--- START ---
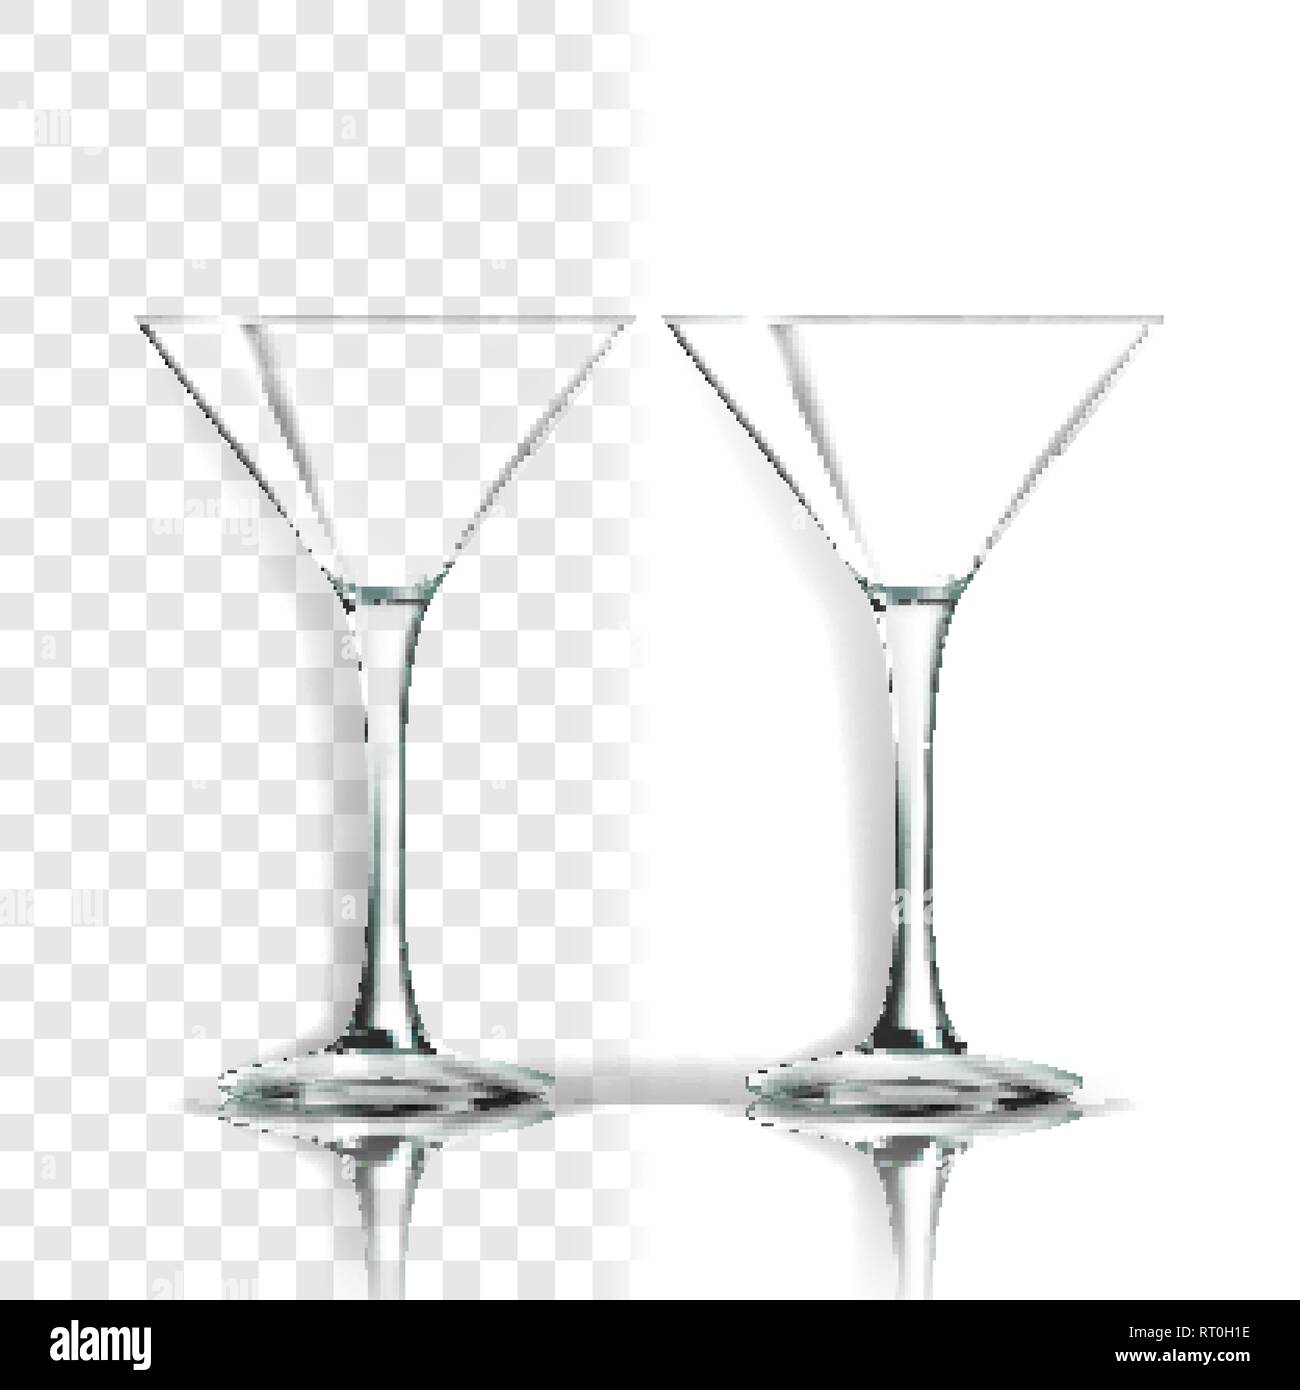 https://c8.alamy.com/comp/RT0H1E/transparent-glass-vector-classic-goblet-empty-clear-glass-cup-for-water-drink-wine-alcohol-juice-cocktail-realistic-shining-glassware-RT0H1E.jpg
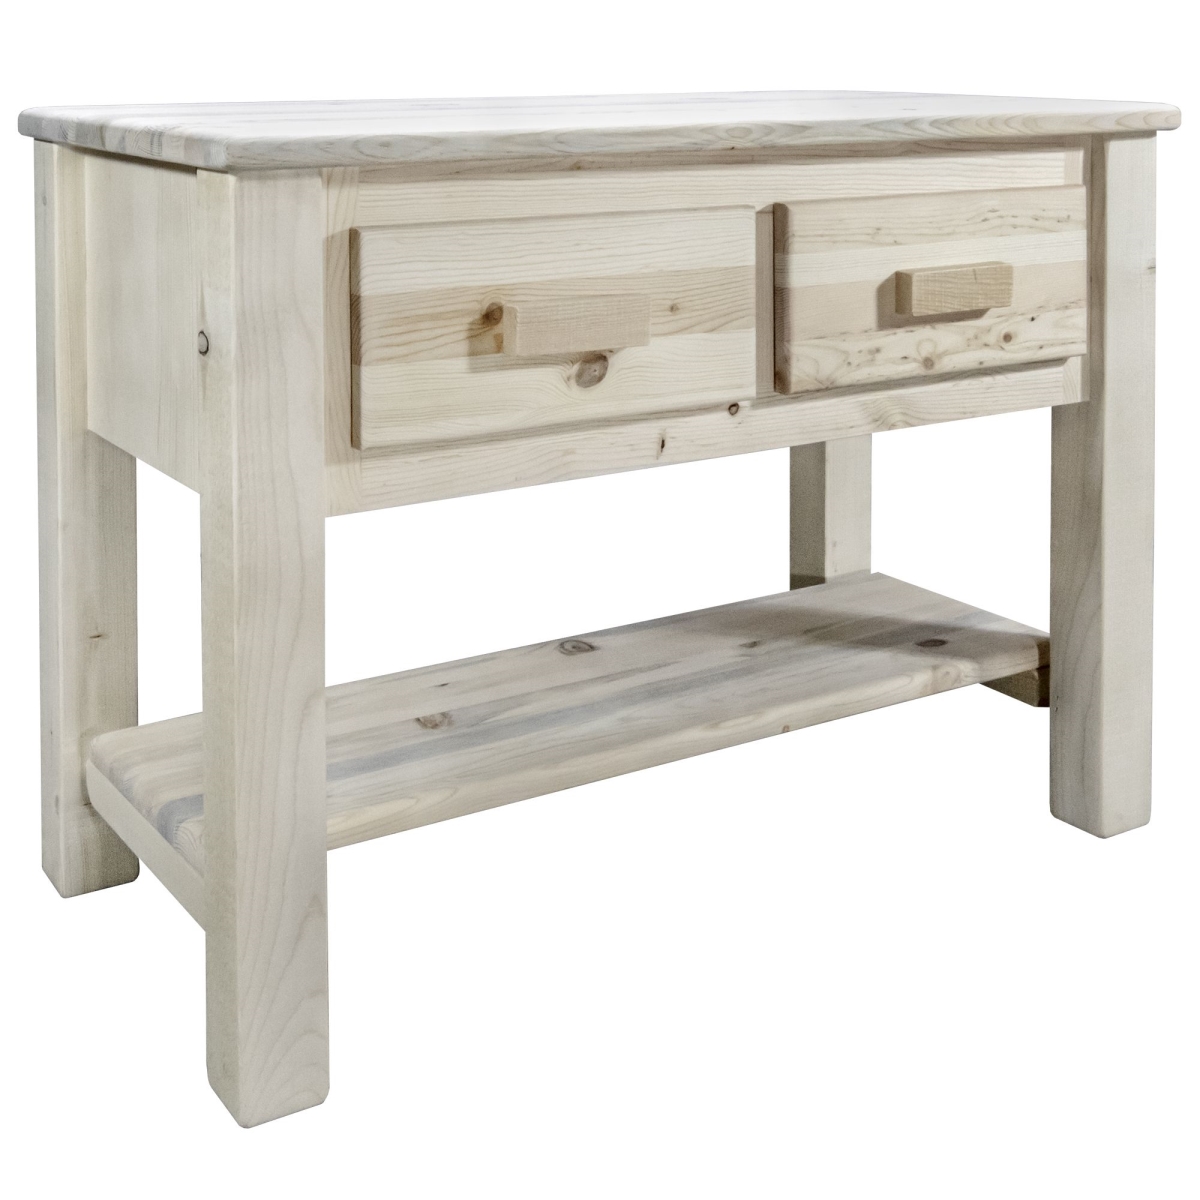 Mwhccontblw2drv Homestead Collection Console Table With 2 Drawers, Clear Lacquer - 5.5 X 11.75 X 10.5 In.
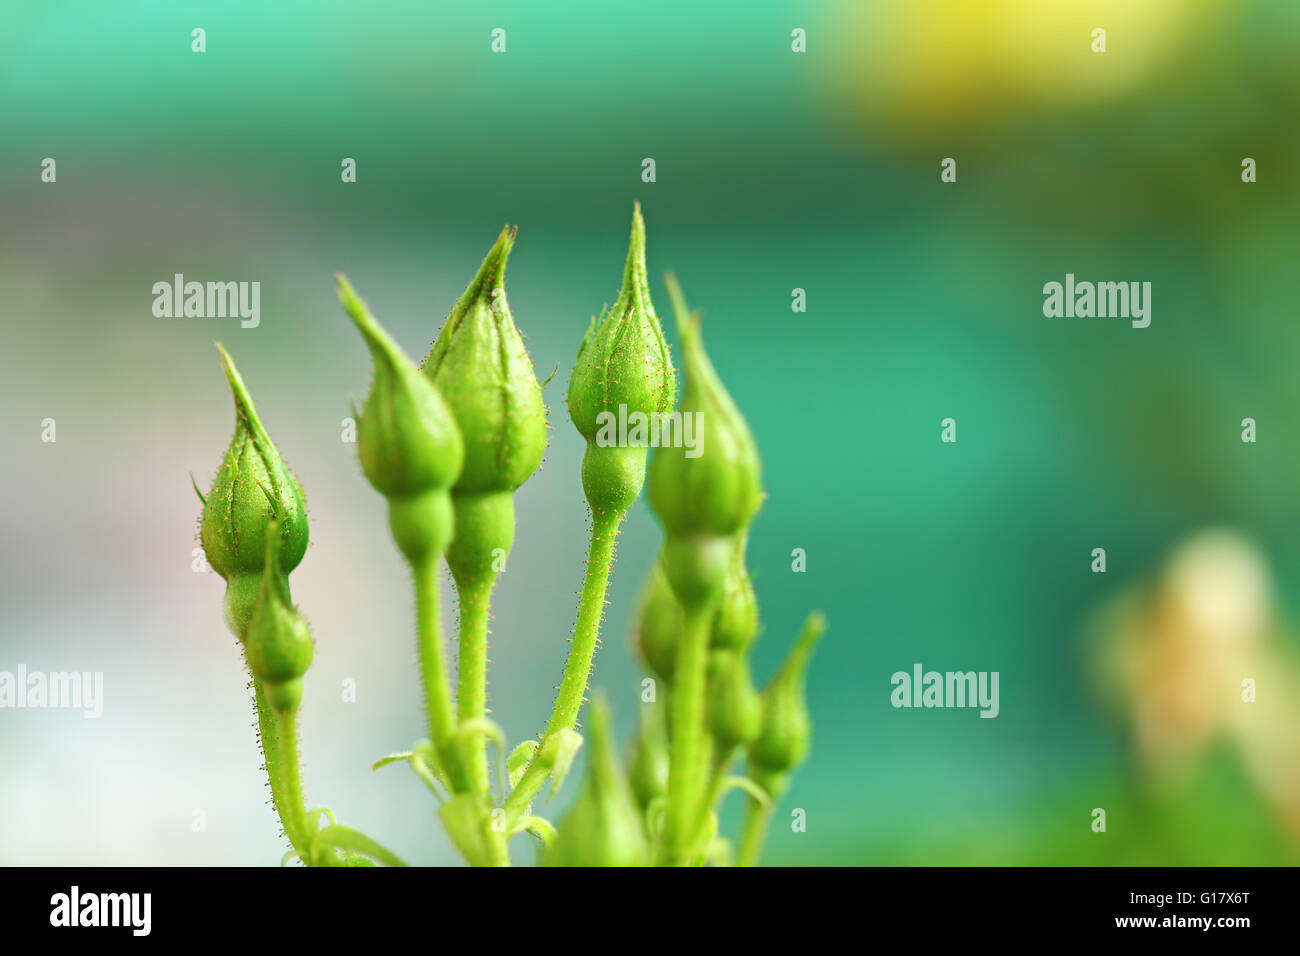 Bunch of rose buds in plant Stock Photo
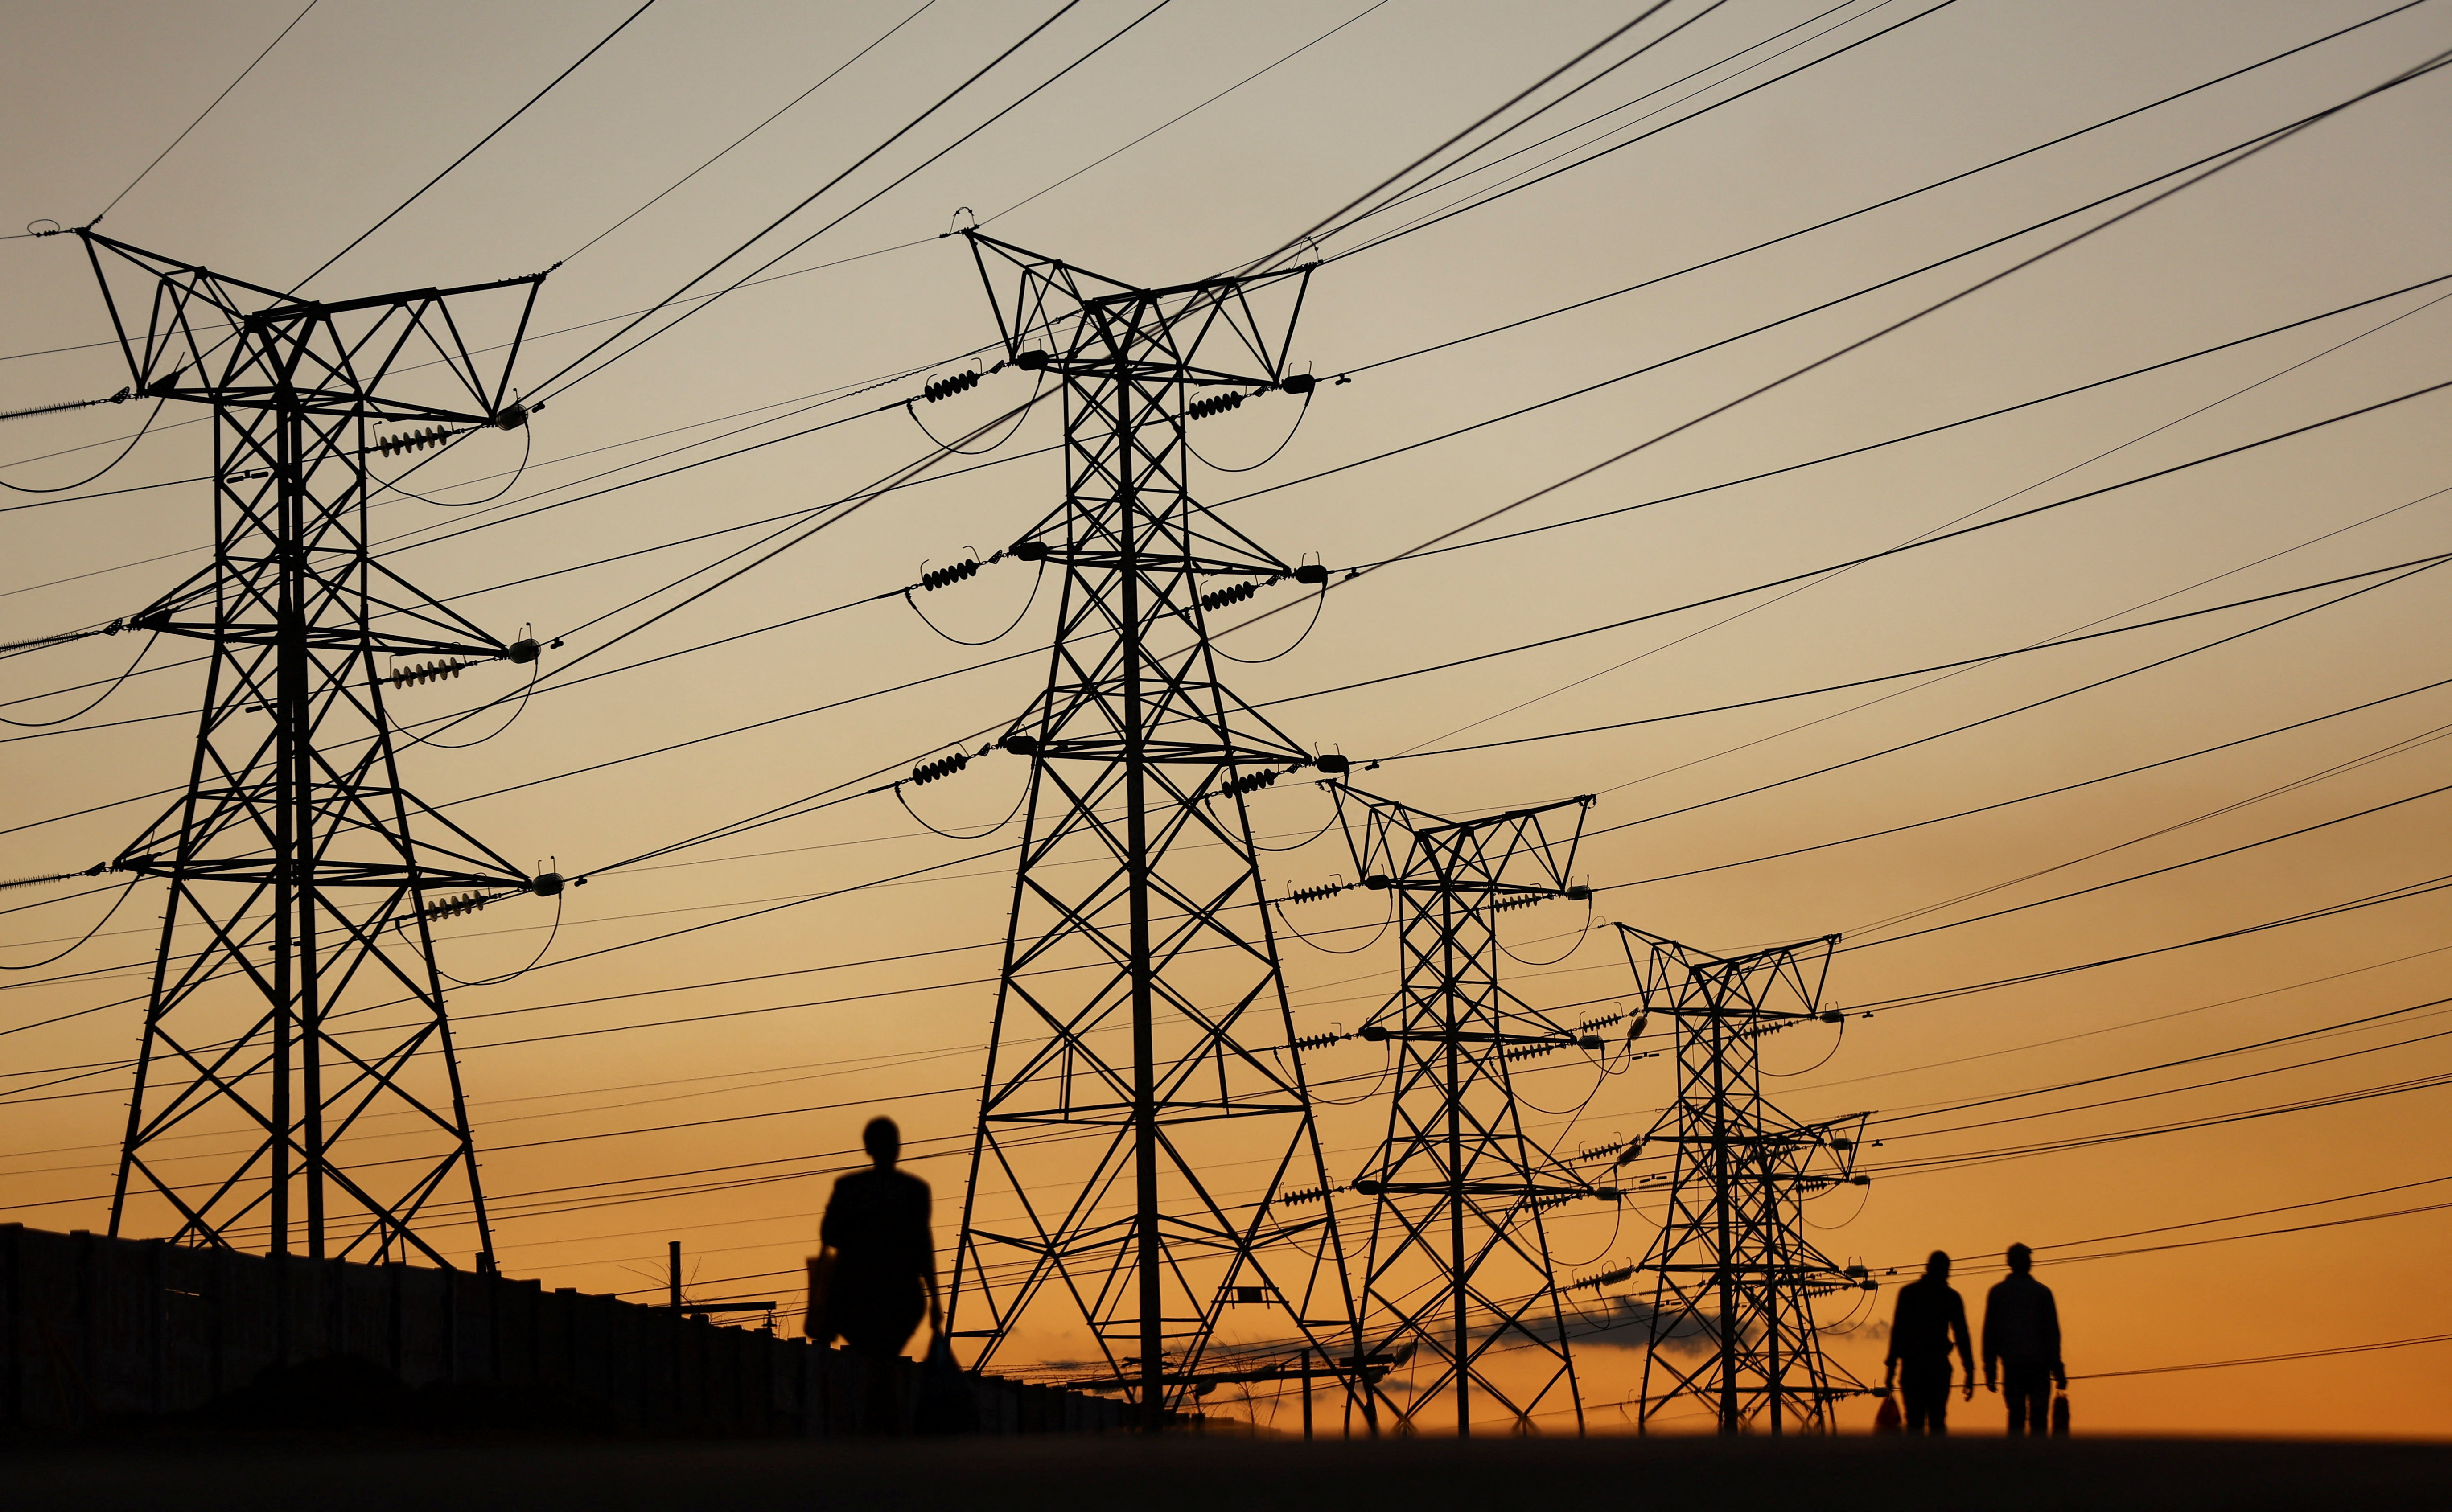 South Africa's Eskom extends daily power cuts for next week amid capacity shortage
--- END ---
• **The task**: Produce a verbatim copy of the listing, leaving out all pictures.

• **Reply**:
 https://c8.alamy.com/comp/RT0H1E/transparent-glass-vector-classic-goblet-empty-clear-glass-cup-for-water-drink-wine-alcohol-juice-cocktail-realistic-shining-glassware-RT0H1E.jpg
 Mwhccontblw2drv Homestead Collection Console Table With 2 Drawers, Clear Lacquer - 5.5 X 11.75 X 10.5 In.
 Bunch of rose buds in plant Stock Photo
 South Africa's Eskom extends daily power cuts for next week amid capacity shortage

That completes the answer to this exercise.